Snack: fruit smoothie with kefir

  • banana - 1 pc. ;
  • pear - 1 piece;
  • kiwi - 1 pc. ;
  • honey - 1 spoon;
  • a glass of kefir.

Rinse the fruit, peel and chop. Grind all the ingredients (including kefir) in a blender.

How to count calories

During cooking, products lose volume - this is a natural consequence of heat treatment. However, the calorie content remains the same. So, if you boil a chicken fillet (200 g), its weight in finished form will be only 150, but the number of kcal will not change. To determine the calorie content of a ready-made dish, it is necessary to weigh all its ingredients and calculate the calories contained in them.

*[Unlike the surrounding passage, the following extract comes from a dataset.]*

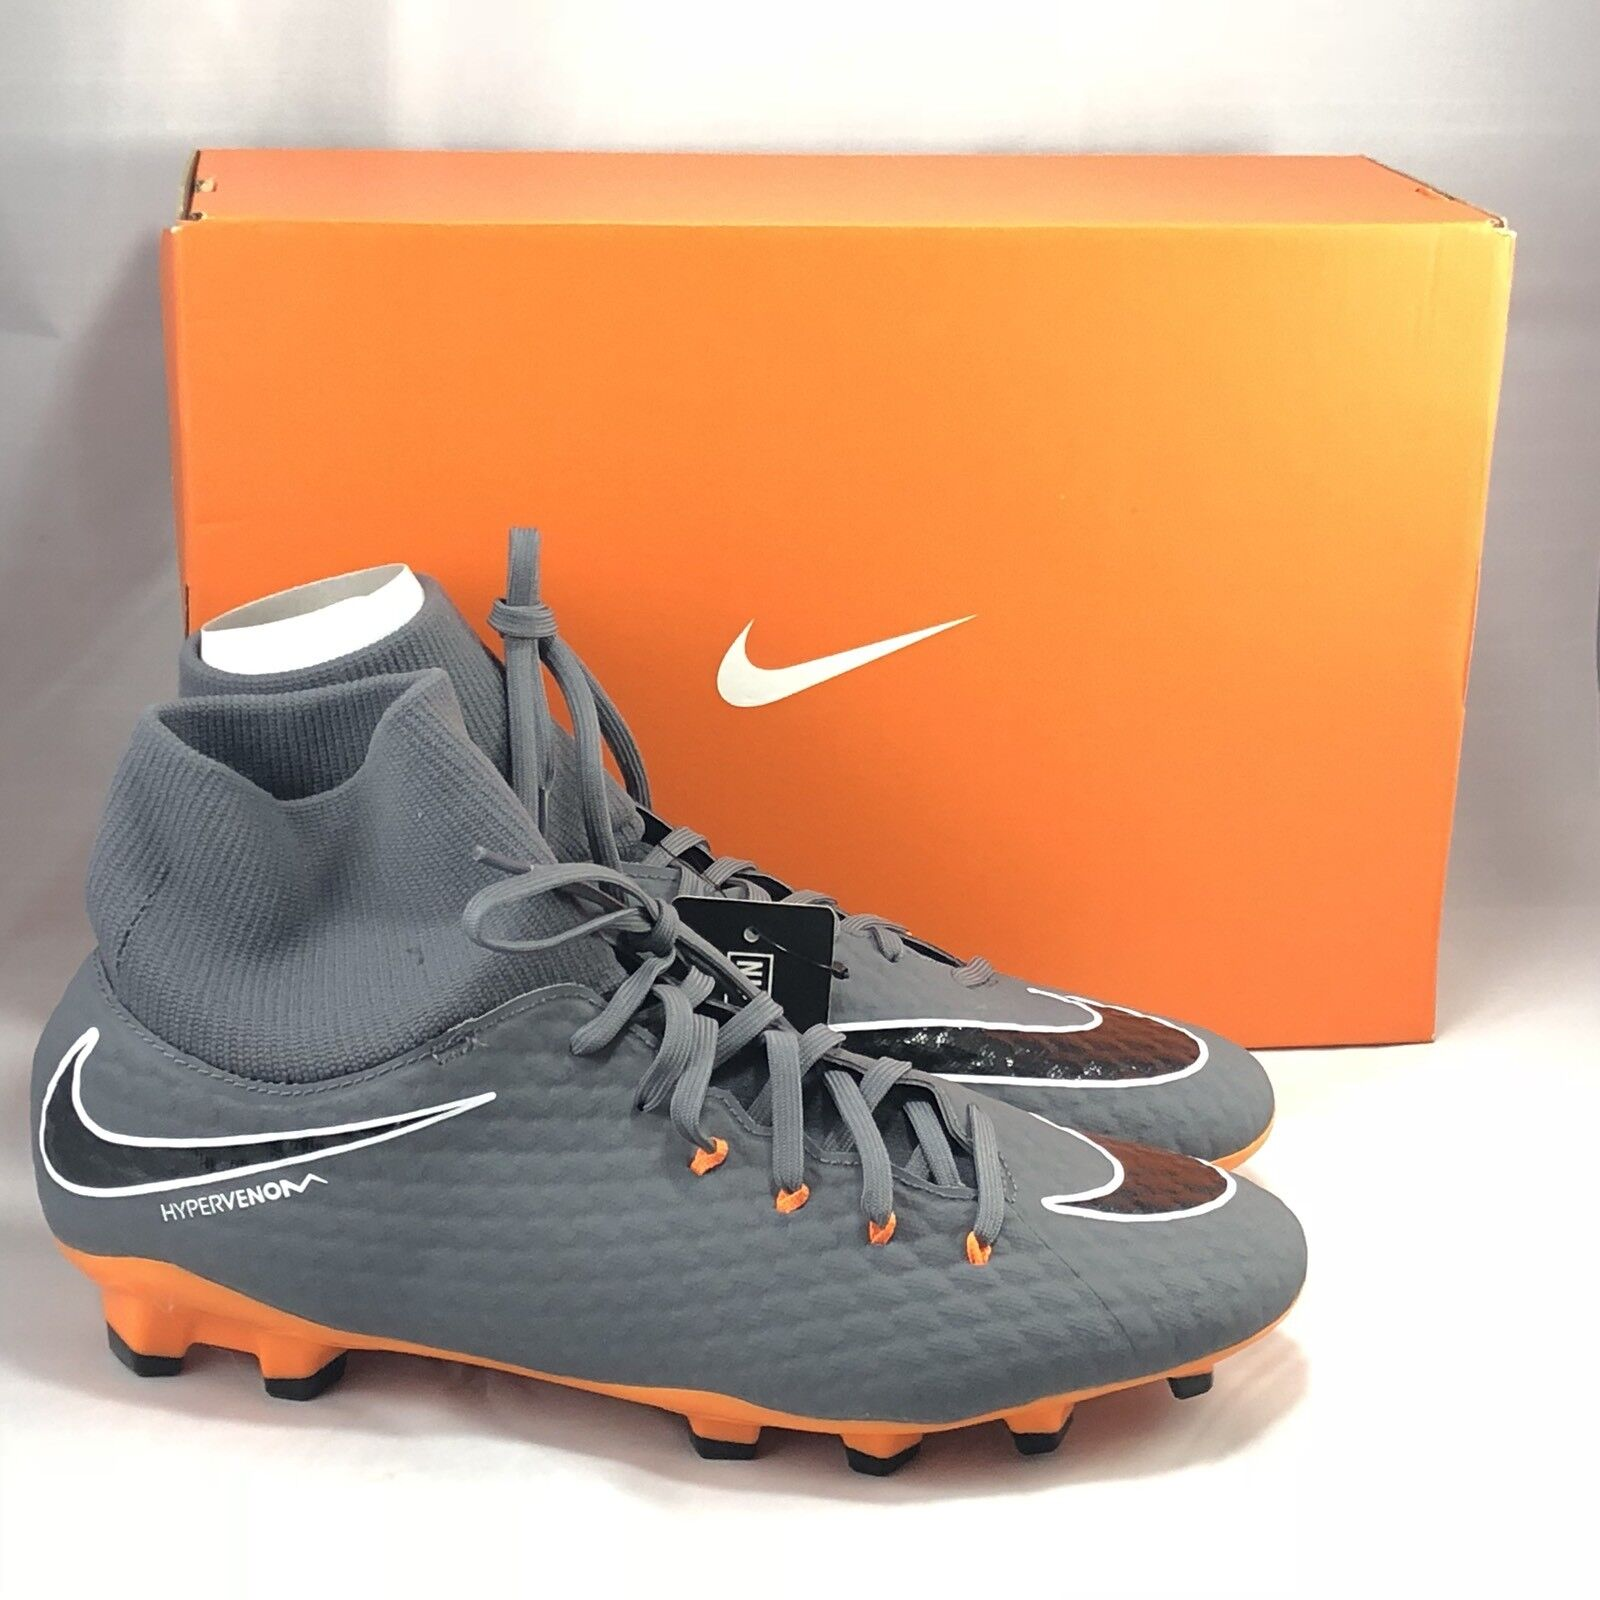 Nike libera rn rn libera cmtr 2017 Uomo correndo i formatori 880841 scarpe scarpe 600 30ac13

What to consider when compiling an individual menu for weight loss

The preparation of the diet should be treated with the greatest seriousness. To get rid of excess weight, to keep it within normal limits, for therapeutic purposes, different approaches are required. It is especially difficult for people who have chronic diseases or intolerance to certain foods. When making a meal plan, they should first consult with their doctor. Otherwise, the diet will only bring additional health problems.